[PATCH net v2] netfilter: ipset: add missing range check in bitmap_ip

netdev.vger.kernel.org archive mirror
 help / color / mirror / Atom feed

* [PATCH net v2] netfilter: ipset: add missing range check in bitmap_ip_uadt
@ 2024-11-13 13:02 Jeongjun Park
  2024-11-14 11:10 ` Paolo Abeni
  2024-11-14 11:45 ` Jozsef Kadlecsik
  0 siblings, 2 replies; 6+ messages in thread
From: Jeongjun Park @ 2024-11-13 13:02 UTC (permalink / raw)
  To: pablo, kadlec
  Cc: davem, edumazet, kuba, pabeni, horms, kaber, netfilter-devel,
	coreteam, netdev, linux-kernel, stable,
	syzbot+58c872f7790a4d2ac951, Jeongjun Park

When tb[IPSET_ATTR_IP_TO] is not present but tb[IPSET_ATTR_CIDR] exists,
the values of ip and ip_to are slightly swapped. Therefore, the range check
for ip should be done later, but this part is missing and it seems that the
vulnerability occurs.

So we should add missing range checks and remove unnecessary range checks.
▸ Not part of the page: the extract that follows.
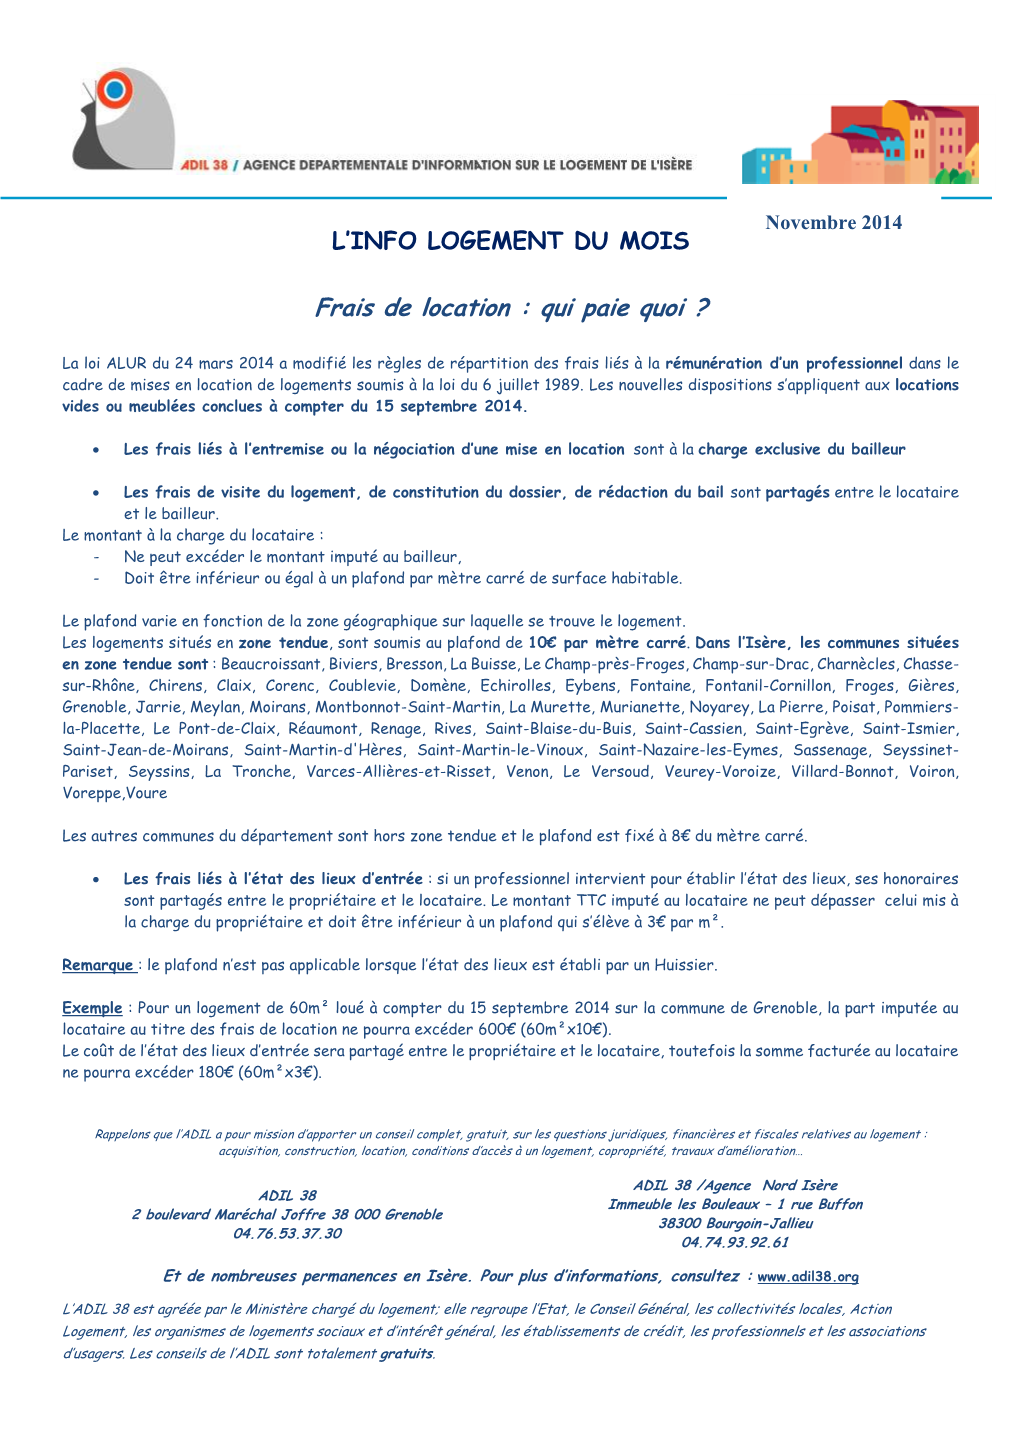 Info Logement ADIL 38 De Novembre 2014 Relative Aux Frais De Location

Cc: <stable@vger.kernel.org>
Reported-by: syzbot+58c872f7790a4d2ac951@syzkaller.appspotmail.com
Fixes: 72205fc68bd1 ("netfilter: ipset: bitmap:ip set type support")
Signed-off-by: Jeongjun Park <aha310510@gmail.com>
---
 net/netfilter/ipset/ip_set_bitmap_ip.c | 7 ++-----
 1 file changed, 2 insertions(+), 5 deletions(-)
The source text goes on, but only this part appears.